朱琳琳餓極了,她許久沒有吃到這麼美味的蛋糕了,狼吞虎咽的吃起來,滿嘴都是沾著的奶油。
從前最注重儀容儀表的她,此時毫無形象。
朱母看著又是一陣心疼,全然忘記了,朱琳琳當初是怎麼把上官夫人折磨致死,並剜掉雙眼的。
就因為上官夫人當時死後,死不瞑目,眼睛一直睜著,盯著朱琳琳,朱琳琳覺得恐怖,她討厭那雙眼睛,就將眼睛給剜掉了。
「媽,真好吃。」朱琳琳表情苦澀地比劃著手語,也想起了以前尊貴生活的時光,被人眾星捧月,高高在上的感覺。

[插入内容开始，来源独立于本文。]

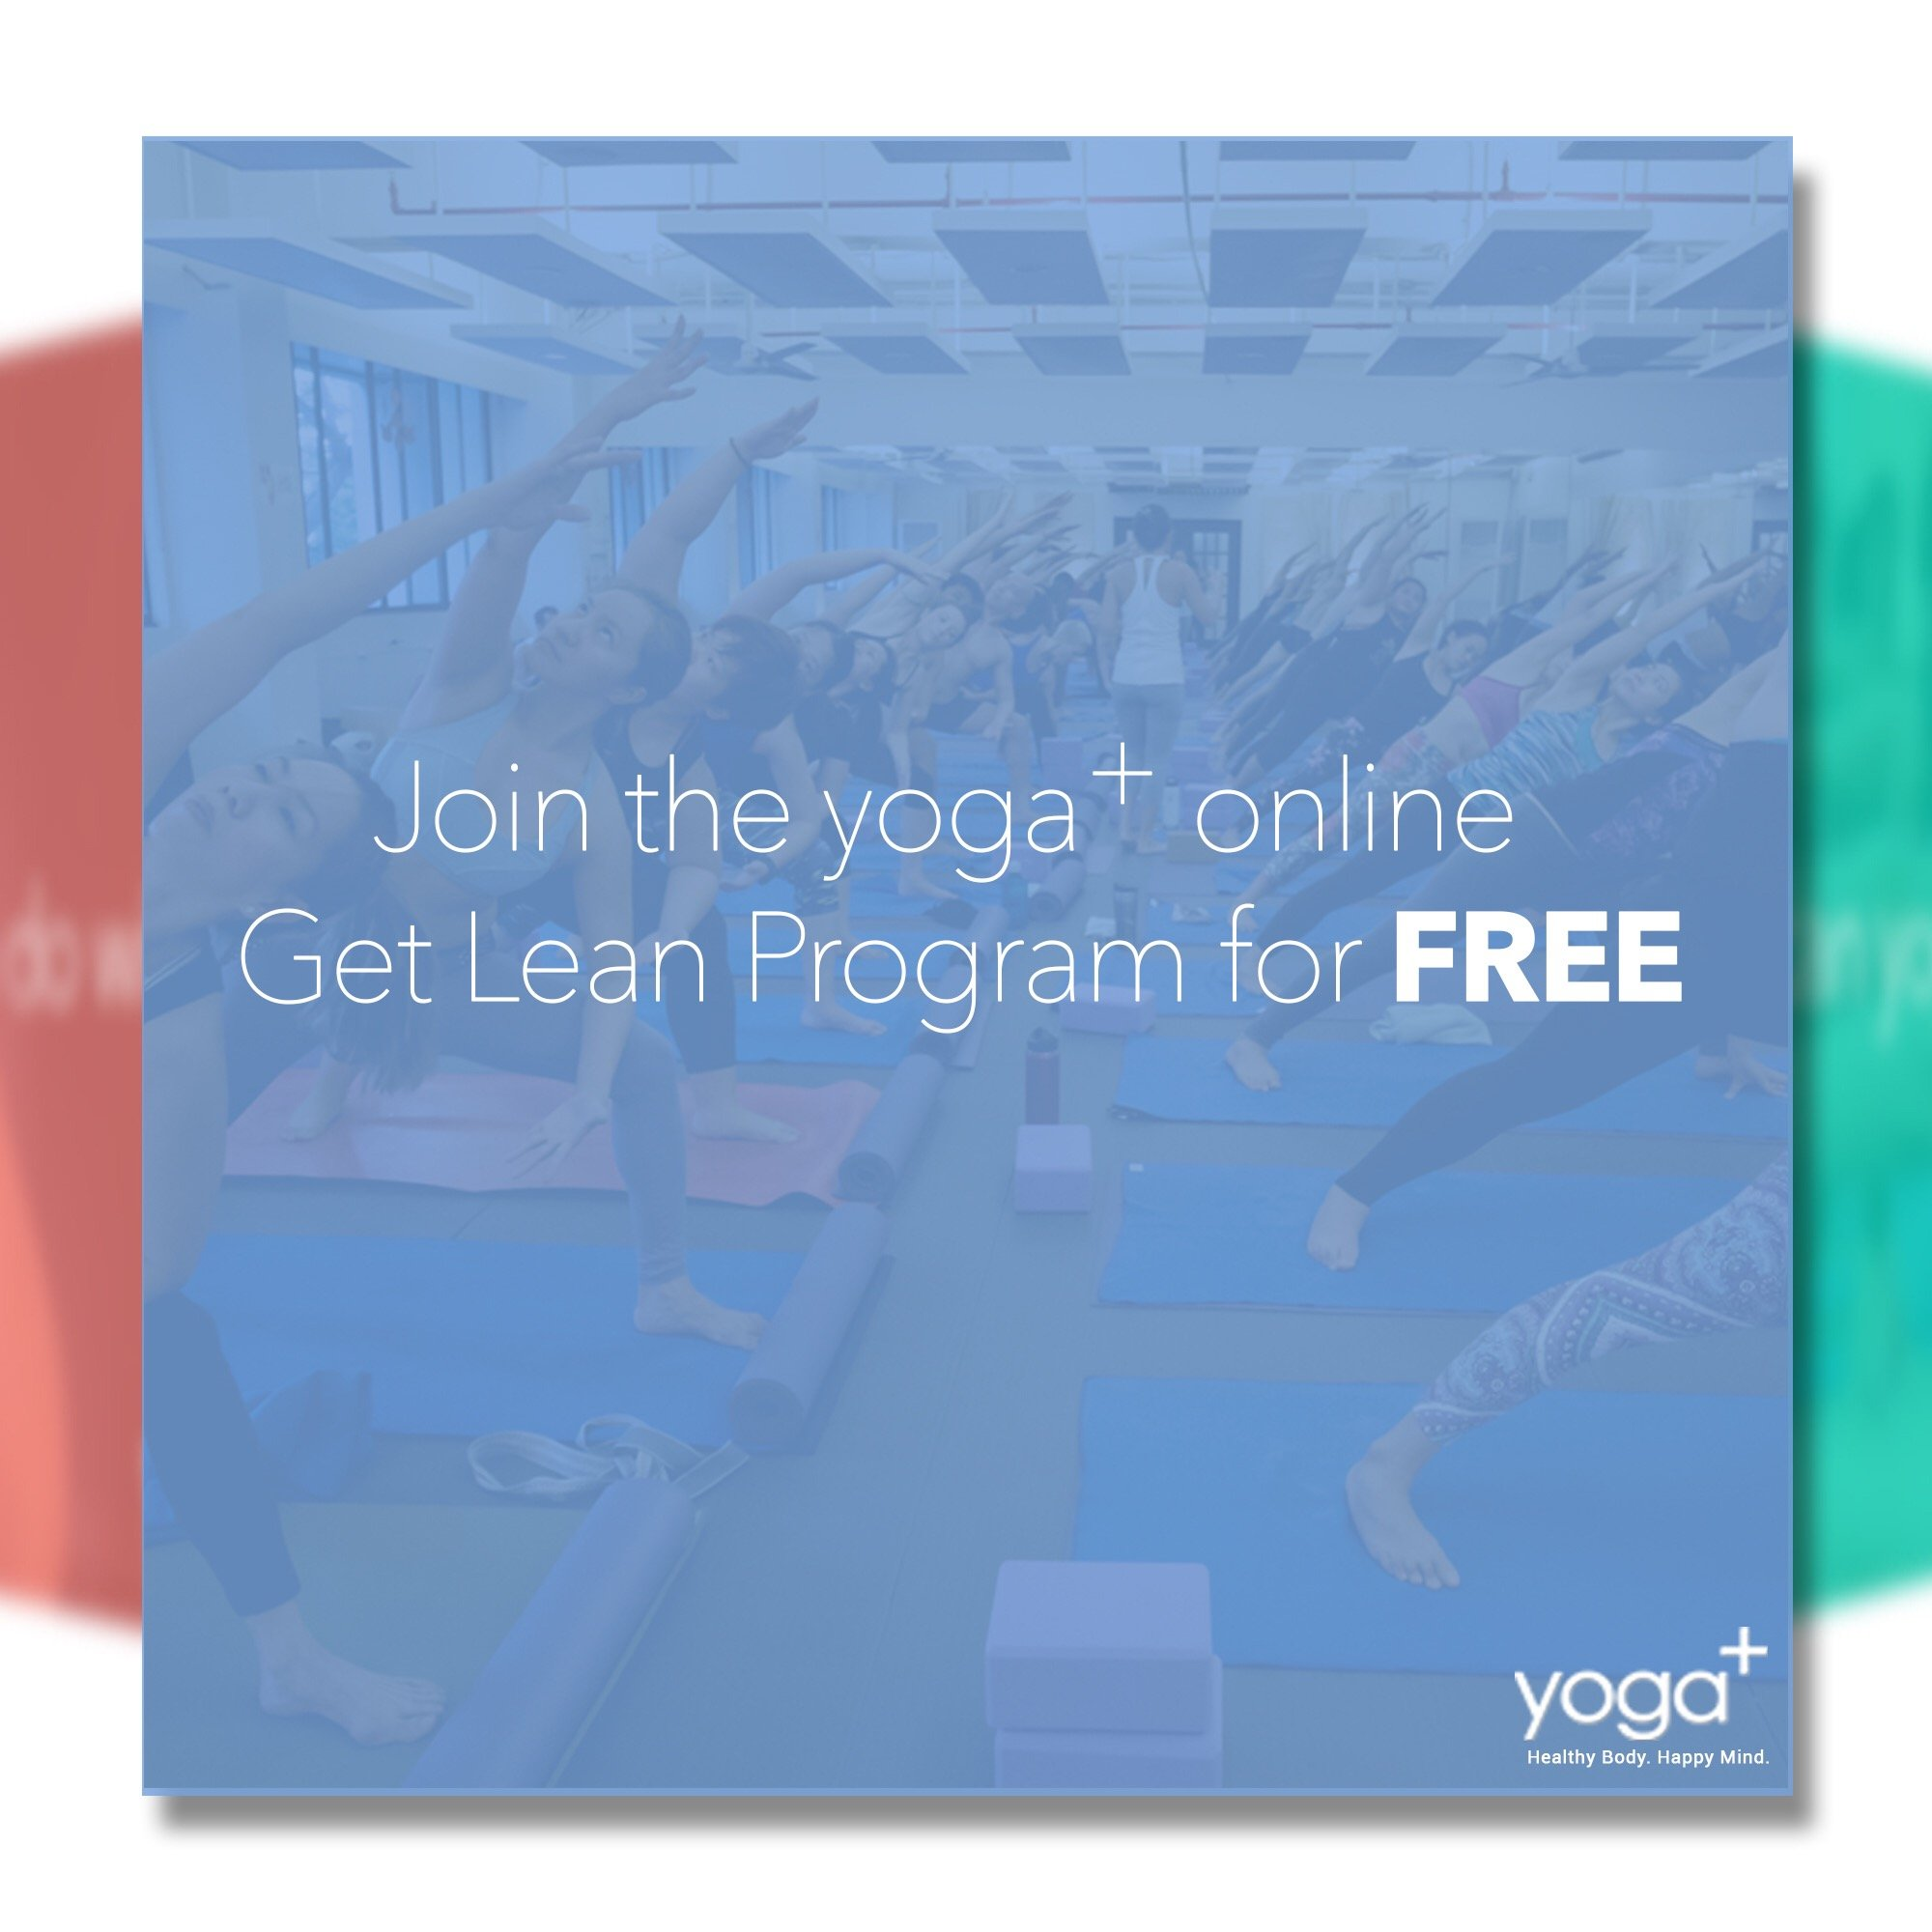 yoga+ Get Lean Program 4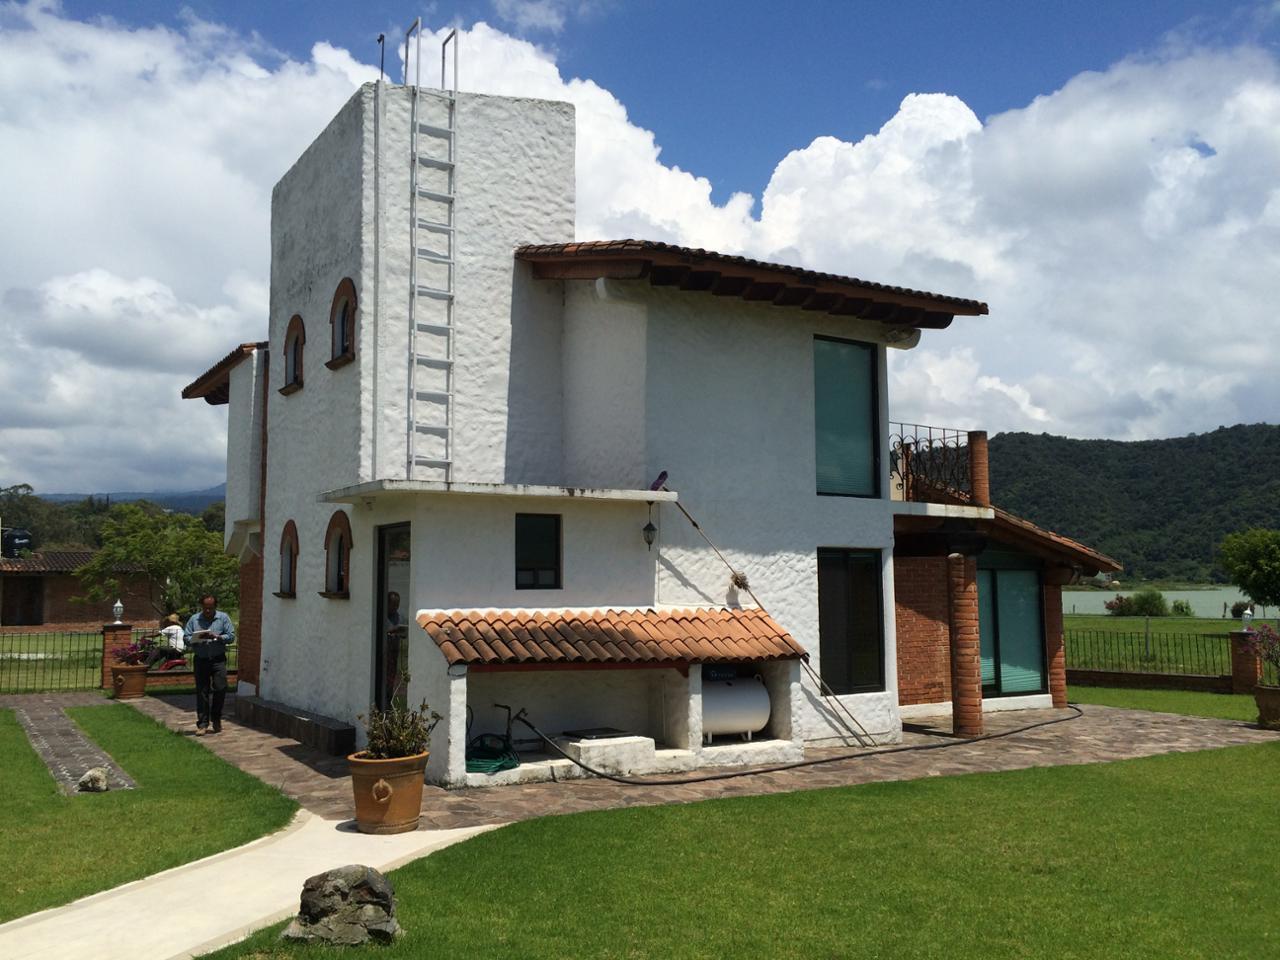 Venta casa en valle de bravo m xico cs001 - Casas en llica de vall ...

「你喜歡吃,媽明天再給你做。」朱母抱著朱琳琳,說:「媽現在在上官羽與月九結婚的婚禮後廚幫忙,明天他們倆的結婚蛋糕,將由我來製作,媽定會為你出這口氣。」
「媽,我只要月九死。」朱琳琳激動地比劃著雙手:「我要讓上官羽嘗到失去摯愛的痛苦,月九死了,比殺死上官羽更痛苦。」
失去摯愛,痛不欲生。
「好,媽都依你。」朱母抱著朱琳琳,輕撫著她的頭髮:「琳琳,睡一會兒,明天過後,一切都會好的。」
朱琳琳很是興奮,她想到月九要死了,這一夜都興奮得睡不著。
朱母已經準備好了蛇毒,打算將毒藥添加在蛋糕里,毒死月九。
當然,她也不會放過上官羽,剛才的話,也只是安慰朱琳琳。
這一夜,上官羽也很激動啊,他明天就要娶自己心愛的女人為妻,想想都激動。
陸景寶給上官羽安排了單身派對,這是他婚前最後一個單身夜了,必須得安排。
陸家幾兄弟,釋迦,周忠都來湊熱鬧。
月九這邊也有單身派對,是萬一一舉辦的,邀請的自然是一眾女生,車冉冉策劃,萬一一搞氣氛,霍一諾出錢,麗莎娜還安排了節目,何秀蓮獻上鋼琴曲以表祝福。
兩方人,各玩各的,一個在左邊包廂,一個在右邊包廂。
蘇卿一行人就留在暗夜分部,與白飛飛樓縈三人喝喝茶,陸容淵與車成俊萬揚三人鬥地主。
蘇卿喝著茶,說:「時間過得真快,一晃,月九都結婚了,年輕的都出去浪,把我們幾個老骨頭留在這喝茶鬥地主。」
樓縈磕著瓜子:「我不覺得自己老了啊,飛飛,你看我,老了沒有?」
「永遠十八」白飛飛很誠懇地補了句:「的智商。」
蘇卿笑噴了:「飛飛,你學壞了。」
樓縈撇了撇嘴:「近墨者黑,肯定是老車攛掇的。」
三人這些年,容貌真沒有什麼變化,就像是吃了防腐劑似的,容貌被凍住了。
只是氣質上有所變化,以前是稚嫩,性子一個比一個衝動,如今是成熟,溫和了許多。
樓縈還是如以前一樣,活得沒心沒肺,老公寵著,公婆寵著,自己又有本事,人生快哉。
白飛飛每年都會跟著車成俊回一趟y國皇室,除此之外,平常大部分時間是在帝京,偶爾出去旅遊一兩個月回來。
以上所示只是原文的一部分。